In November 2004, the Commercial Court granted recognition and enforcement of the award, following which NNPC applied to set that order aside under sections 103(2) and (3) of the 1996 Act or, in the alternative, for enforcement to be adjourned under section 103(5) pending resolution of non-fraud challenges raised in its application to set aside the award in the Nigerian courts.

The relevant parts of section 103 of the 1996 Act – which replicate and give effect to articles V and VI of the New York Convention on the Recognition and Enforcement of Foreign Arbitral Awards (the “Convention”) – provide as follows:

“(2) Recognition or enforcement of the award may be refused if the person against whom it is invoked proves – … (f) that the award has not yet become binding on the parties, or has been set aside or suspended by a competent authority of the country in which, or under the law of which, it was made.

(3) Recognition or enforcement of the award may also be refused if the award is
in respect of a matter which is not capable of settlement by arbitration, or if it would be contrary to public policy to recognise or enforce the award. …

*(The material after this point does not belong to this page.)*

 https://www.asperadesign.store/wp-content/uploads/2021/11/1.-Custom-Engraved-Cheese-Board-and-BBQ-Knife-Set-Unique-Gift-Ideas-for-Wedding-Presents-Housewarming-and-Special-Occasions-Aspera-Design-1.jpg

(5) Where an application for the setting aside or suspension of the award has been made to such a competent authority as is mentioned in subsection (2)(f), the court before which the award is sought to be relied upon may, if it considers it proper, adjourn the decision on the recognition or enforcement of the award.

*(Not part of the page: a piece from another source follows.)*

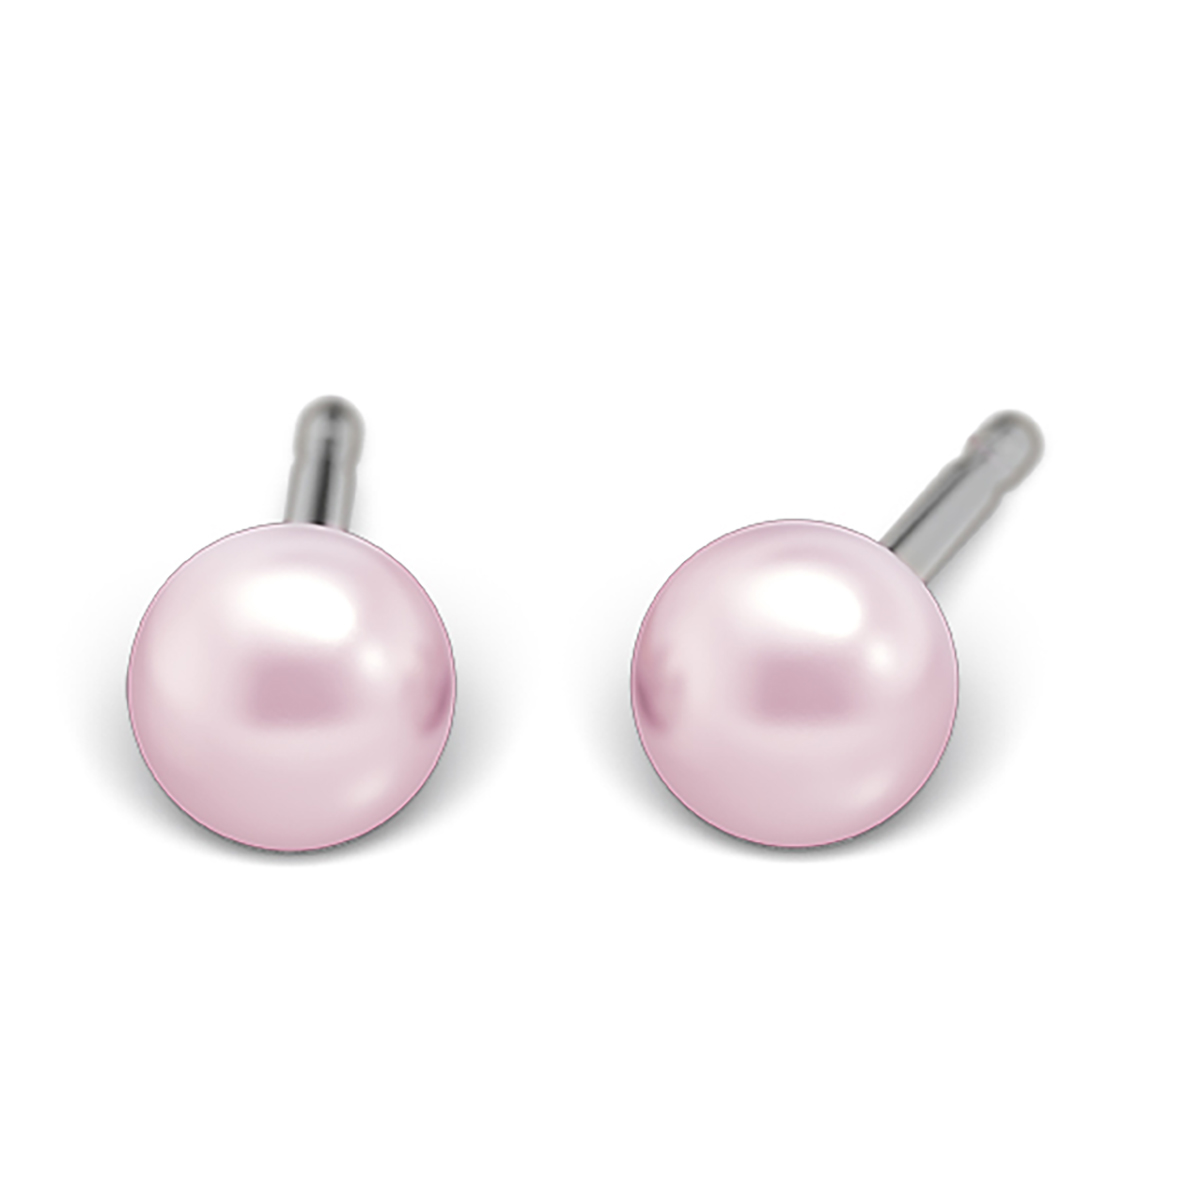 System 75 ear studs, 14 ct yellow gold white rhodium plated

It may also on the application of the party claiming recognition or enforcement of the award order the other party to give suitable security.”

Article VI of the Convention states as follows:

“If an application for the setting aside or suspension of the award has been made to a competent authority referred to in article V(1)(e), the authority before which the award is sought to be relied upon may, if it considers it proper, adjourn the decision on the enforcement of the award and may also, on the application of the party claiming enforcement of the award, order the other party to give suitable security.”

In 2005, the Commercial Court ordered that enforcement be adjourned pending determination of the Nigerian proceedings, conditional on NNPC putting up security of US$50m under section 103(5), it being envisaged that the Nigerian proceedings might be resolved with relative despatch. But that was not to be. In 2008 (with delays ongoing in Nigeria), the Commercial Court concluded that NNPC should pay further substantial sums as security under section 103(5). However, following NNPC’s discovery of IPCO’s alleged fraud and subsequent raising of the fraud challenge in the Nigerian proceedings in 2009, a consent order was agreed setting aside the 2008 order and further adjourning enforcement in England under section 103(5) upon NNPC undertaking to maintain security of, by that stage, US$80m.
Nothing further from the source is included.